----- Input material -----
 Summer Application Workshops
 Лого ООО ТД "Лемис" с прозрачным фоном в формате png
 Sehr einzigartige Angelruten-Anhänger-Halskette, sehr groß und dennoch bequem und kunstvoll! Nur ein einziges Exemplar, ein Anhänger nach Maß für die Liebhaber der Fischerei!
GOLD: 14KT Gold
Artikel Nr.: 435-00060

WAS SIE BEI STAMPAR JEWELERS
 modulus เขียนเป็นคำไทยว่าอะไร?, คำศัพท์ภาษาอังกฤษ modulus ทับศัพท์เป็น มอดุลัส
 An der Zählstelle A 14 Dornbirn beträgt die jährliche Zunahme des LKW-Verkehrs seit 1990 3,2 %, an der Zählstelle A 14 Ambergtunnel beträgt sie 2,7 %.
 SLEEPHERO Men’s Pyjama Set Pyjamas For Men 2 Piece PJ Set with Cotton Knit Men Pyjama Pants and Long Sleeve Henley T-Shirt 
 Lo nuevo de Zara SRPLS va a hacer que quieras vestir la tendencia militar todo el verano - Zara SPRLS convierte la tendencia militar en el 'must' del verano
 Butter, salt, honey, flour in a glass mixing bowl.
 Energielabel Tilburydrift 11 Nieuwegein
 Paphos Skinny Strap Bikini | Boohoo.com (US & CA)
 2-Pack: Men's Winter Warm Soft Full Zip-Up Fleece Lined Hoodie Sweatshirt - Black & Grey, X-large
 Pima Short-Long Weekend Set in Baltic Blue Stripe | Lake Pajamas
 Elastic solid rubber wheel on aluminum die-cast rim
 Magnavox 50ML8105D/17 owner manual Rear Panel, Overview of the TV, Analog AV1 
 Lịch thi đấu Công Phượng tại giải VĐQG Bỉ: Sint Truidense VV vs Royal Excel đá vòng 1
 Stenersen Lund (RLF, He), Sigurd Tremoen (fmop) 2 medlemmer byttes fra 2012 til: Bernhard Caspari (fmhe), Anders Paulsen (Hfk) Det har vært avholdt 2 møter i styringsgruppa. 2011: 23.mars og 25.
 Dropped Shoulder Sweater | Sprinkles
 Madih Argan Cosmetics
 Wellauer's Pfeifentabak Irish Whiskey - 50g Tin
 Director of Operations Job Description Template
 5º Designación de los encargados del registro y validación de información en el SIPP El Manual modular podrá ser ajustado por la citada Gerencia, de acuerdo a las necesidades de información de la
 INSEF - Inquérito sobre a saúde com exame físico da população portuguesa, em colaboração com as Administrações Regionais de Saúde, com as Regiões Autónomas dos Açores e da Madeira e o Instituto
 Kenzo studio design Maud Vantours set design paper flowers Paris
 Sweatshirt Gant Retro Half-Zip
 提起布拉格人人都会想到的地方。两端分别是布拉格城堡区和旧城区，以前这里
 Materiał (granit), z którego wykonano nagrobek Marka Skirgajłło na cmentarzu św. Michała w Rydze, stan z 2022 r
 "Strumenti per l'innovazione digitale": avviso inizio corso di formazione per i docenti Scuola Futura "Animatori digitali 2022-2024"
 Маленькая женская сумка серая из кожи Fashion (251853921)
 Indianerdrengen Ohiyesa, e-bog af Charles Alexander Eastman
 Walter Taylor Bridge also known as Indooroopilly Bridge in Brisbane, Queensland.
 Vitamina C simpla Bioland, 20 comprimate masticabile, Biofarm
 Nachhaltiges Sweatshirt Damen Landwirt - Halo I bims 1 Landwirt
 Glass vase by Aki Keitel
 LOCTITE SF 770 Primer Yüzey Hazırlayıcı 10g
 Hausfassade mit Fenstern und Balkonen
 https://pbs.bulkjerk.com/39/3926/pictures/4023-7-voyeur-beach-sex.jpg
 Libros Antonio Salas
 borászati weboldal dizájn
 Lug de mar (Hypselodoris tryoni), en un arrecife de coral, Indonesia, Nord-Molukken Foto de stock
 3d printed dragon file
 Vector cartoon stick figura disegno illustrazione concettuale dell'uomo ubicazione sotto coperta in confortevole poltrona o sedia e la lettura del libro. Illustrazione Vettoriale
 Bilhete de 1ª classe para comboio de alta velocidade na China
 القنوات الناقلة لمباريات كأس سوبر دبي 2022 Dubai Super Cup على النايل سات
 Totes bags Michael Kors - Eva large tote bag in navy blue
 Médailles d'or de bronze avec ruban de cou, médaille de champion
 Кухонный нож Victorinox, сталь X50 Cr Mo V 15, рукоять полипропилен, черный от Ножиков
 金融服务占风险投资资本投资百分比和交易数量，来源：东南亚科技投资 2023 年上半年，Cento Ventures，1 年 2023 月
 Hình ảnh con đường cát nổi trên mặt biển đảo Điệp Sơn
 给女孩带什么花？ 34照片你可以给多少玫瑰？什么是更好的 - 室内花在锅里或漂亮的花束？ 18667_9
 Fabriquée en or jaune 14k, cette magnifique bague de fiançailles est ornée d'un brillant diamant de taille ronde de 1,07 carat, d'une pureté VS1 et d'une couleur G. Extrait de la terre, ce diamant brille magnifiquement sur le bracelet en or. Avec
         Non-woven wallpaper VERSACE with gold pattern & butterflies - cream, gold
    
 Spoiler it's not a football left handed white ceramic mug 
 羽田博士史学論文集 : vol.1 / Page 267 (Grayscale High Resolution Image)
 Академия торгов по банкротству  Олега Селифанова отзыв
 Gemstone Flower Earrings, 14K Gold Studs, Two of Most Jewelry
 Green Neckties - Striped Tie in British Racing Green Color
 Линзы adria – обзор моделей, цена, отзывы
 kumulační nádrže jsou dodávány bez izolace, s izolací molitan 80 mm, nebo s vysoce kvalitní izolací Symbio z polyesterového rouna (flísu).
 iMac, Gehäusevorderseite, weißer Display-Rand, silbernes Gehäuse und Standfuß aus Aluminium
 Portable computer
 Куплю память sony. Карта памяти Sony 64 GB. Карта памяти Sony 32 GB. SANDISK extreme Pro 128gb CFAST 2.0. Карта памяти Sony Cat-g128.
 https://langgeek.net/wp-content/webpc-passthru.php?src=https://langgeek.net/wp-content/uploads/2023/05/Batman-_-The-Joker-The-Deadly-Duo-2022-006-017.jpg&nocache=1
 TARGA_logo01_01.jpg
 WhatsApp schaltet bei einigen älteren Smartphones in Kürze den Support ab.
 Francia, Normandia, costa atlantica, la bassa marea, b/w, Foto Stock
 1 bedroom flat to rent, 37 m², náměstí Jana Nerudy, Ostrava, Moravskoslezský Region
-----
## Exercise prompt
Every line with "Long" in it should be copied from the entries.

## Exercise result
 SLEEPHERO Men’s Pyjama Set Pyjamas For Men 2 Piece PJ Set with Cotton Knit Men Pyjama Pants and Long Sleeve Henley T-Shirt 
 Pima Short-Long Weekend Set in Baltic Blue Stripe | Lake Pajamas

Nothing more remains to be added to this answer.